City in Tamil Nadu, India

Tiruvannamalai (Note: Tamil: Tiruvaṇṇāmalai; IPA: /ˈtiɾɯʋaɳːaːmalɛi̯/, also spelt Thiruvannamalai; earlier anglicised as Trinomali or Trinomalee) is a city and the administrative headquarters of Tiruvannamalai district in the Indian state of Tamil Nadu. It is also a Hindu cultural hub and prominent pilgrimage destination, home to the Arulmigu Annamalaiyar Temple situated along the Annamalai hill, where the monthly Girivalam practice and the annual Karthika Deepam festival attracts thousands.

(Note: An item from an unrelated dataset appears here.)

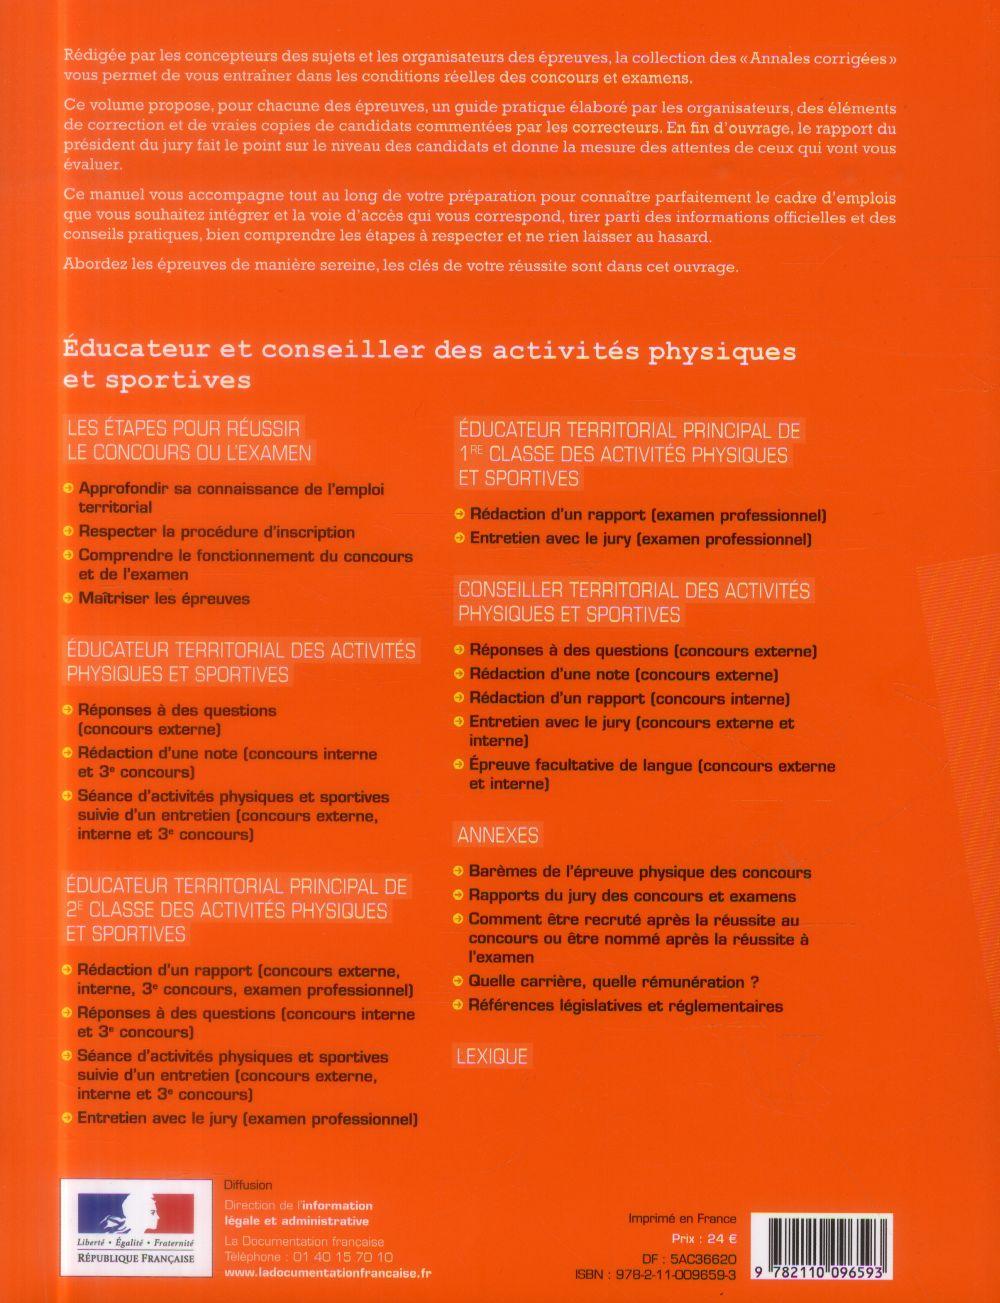 éducateur/conseiller des activités physiques et sportives ; concours et examens par avancement de grade, catégorie A et B (édition 2015-2016)

Tiruvannamalai has a thriving service sector industry, including retail, resorts and recreation activities. Apart from the service sector, the city is also the hub for many industrial setups including SIDCO, spinning mills and premier educational institutions. The city is administered by the Tiruvanamalai City Municipal Corporation, originally constituted in the year 1886 as Tiruvannamalai Municipality. The city is connected to the state capital Chennai (150 km) and neighbouring state Karnataka's capital Bengaluru (145 km) via highways and railways. The Union Ministry of Civil Aviation is considering setting up a new airport at Tiruvannamalai.

==Etymology and legend==
In Hinduism, Parvati, wife of Shiva, once closed the eyes of her husband playfully in a flower garden at their abode atop Mount Kailash. Although only a moment for the gods, all light was taken from the universe, and the earth, in turn, was submerged in darkness for years. Parvati performed penance with other devotees of Shiva, and her husband appeared as a big column of fire at the top of Annamalai hills, returning light to the world. He then merged with Parvati to form Ardhanarishvara, the half-female, half-male form of Shiva. The Annamalai, or red mountain, lies behind the Annamalaiyar temple, and is associated with the temple of its namesake. The hill is sacred and considered a lingam, or iconic representation of Shiva, in itself.
Another legend is that once, while Vishnu and Brahma contested for superiority, Shiva appeared as a flame, and challenged them to find his source. Brahma took the form of a swan, and flew to the sky to see the top of the flame, while Vishnu became the boar Varaha, and sought its base. The scene is called lingothbava, and is represented in the western wall at the sanctum of most Shiva temples. Neither Brahma nor Vishnu could find the source, and while Vishnu conceded his defeat, Brahma lied and said he had found the pinnacle. In punishment, Shiva ordained that Brahma would never have temples on earth in his worship. In Tamil, the word Arunam means red or fire and Asalam means hill. Since Shiva manifested himself in the form of fire in this place, this name Arunachalam came to be associated with Annamalai hill and the city. The first mention of Annamalai is found in Tevaram, the seventh century Tamil Saiva canonical work by Appar and Tirugnanasambandar.

==History==
The history of Tiruvannamalai revolves around the Annamalaiyar Temple. The recorded history of the city dates back to the ninth century, as seen from a Chola inscriptions in the temple. Further inscriptions made before ninth century indicate the rule of Pallava kings, whose capital was Kanchipuram. The seventh century Nayanar saints Sambandar and Appar wrote of the temple in their poetic work, Tevaram. Sekkizhar, the author of the Periyapuranam records both Appar and Sambandar worshiped Annamalaiyar in the temple. The Chola Kings ruled over the region for more than four centuries, from 850 to 1280, and were temple patrons. The inscriptions from the Chola king record various gifts like land, sheep, cow and oil to the temple commemorating various victories of the dynasty. Madhva saint Vadiraja Teertharu of sixteenth century has mentioned about this place in his travelogue work Tirtha Prabandha.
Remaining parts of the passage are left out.